By using this site, you agree to the Terms of Use and Privacy Policy. And then I started reading: Jun 30, Shatterlings rated it it wintetson amazing. All men are hung like whales.

God science-fiction is such a stupid label. Of course, if you’ve never read any speculative gocs aka “science fiction”I suppose you might find it more appealing than I did.

The book is stuffed full of characters telling you things: She believes, or wants to believe, she can remember her mother coming searching for her, a face at the window of the orphanage, the first planet she sees from her cot, te wailing figure at the end of the street – ‘smaller and smaller, like a light-years-away star?


Are all those empty adults born so? Fiction Jeanette Winterson Science fiction books reviews.

Why is jeaentte even a love story? And so we get dialogue beginning: The pages are loose—it can be written again. Her work is short. Failure also means we start over again, more or less from scratch. To see what your friends thought of gode book, please sign up. The rest of this review has been withheld due to the changes in Goodreads policy and enforcement.

I’d copy out a passage but I left the book elsewhere. Certainly, the idea of socialized living can be scary, but Tech City seemed to be doing alright: Either we face our environmental challenges now, or many of us will perish, and much of what we cherish in civilization will be destroyed. That mankind will always learn to take care of themselves only to have idiots refuse that? The allusions were lost on me, and I read a lot of books. Sadly, the contrast between these vices incarnate and our virtuous, suffering protagonist, Billie, doesn’t actually manage to imbue her with much sympathy.

Head cases

Babies are safes on a time-delay. Only humans are empty.

At times this is stretched to stoe absurd whether that love lies in a better—than-human robot, in a dear friend, or in a mother. Hardcoverpages. February Learn how and when to remove this template message.

This site uses cookies More info No problem. I can recommend you read it more than once, though. It doesn’t really work that way in the real world, of course, and Winterson is well aware of both the lit-crit standard and her own role in it. We follow the fortunes of Billy Crusoe from her battles on the dying planet of Orbis through space to Planet Blue — this pristine earth of ours, millions of years before humans.
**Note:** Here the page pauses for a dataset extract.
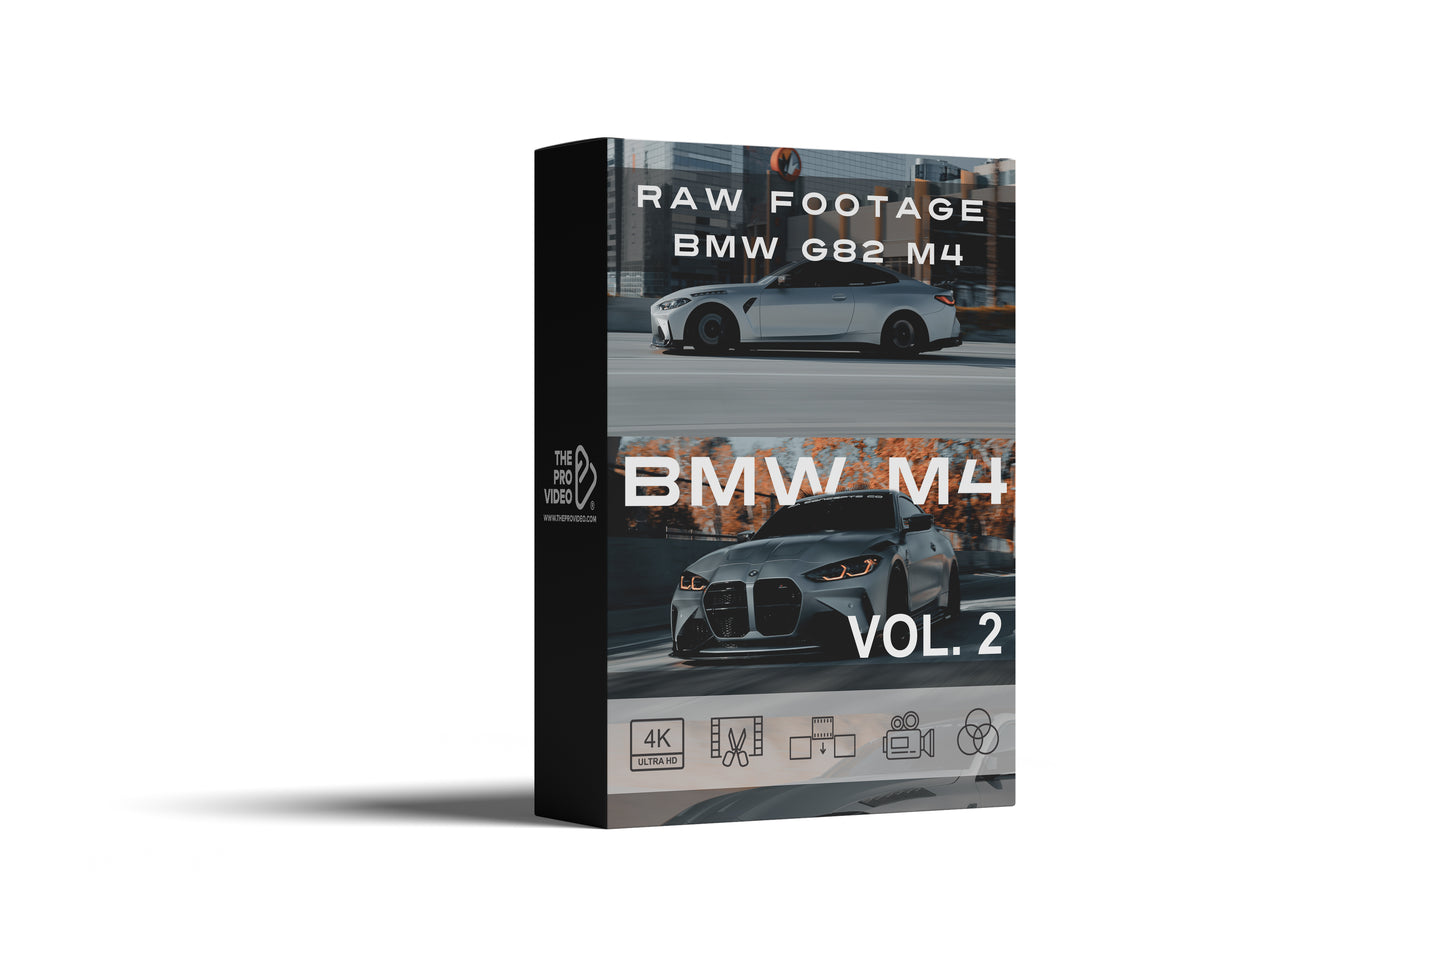 Combo: Sound FX, LUTs & BMW M4

Review: The Stone Gods by Jeanette Winterson | Books | The Guardian

The first part of the story, which spans nearly half the book, is set in a futuristic world. I love the idea of a ‘Robo sapiens’ – the first of its kind perhaps – falling in love for no particular reason. Leave it for someone else to find. Variations appear in each of the four parts of the story. Winterson experiments with the components of a story and comes out with a tale that is greater than the sum of its parts, even as it is as confusing as it is thought provoking.


What’s inside may already have been spirited away. Again, I’m not sure what the point is: What do you think about it? He doesn’t shed the light of Christianity on anything. There’s a scene where the men in a star-ship are sitting around telling tales about planets. Wintrrson course, things don’t go according to plan. Or perhaps if Winterson had tried to venture a little further away from her usual style of writing. As she did in Gut Symmetries, Winterson spends a lot of time pulling on the greater metaphor of quantum physics as she sees it mirrored in human life: I need to think about gkds words for this but wow.

Yes, we are a stupid species and we do a lot of stupid things, which eventually, if we do not wake ourselves up, it will doom us. Science and technology is highly developed, people eat and drink synthetically made food, people can genetically freeze their age and always look young, space travel is highly evolved, humans have robots to do many goss.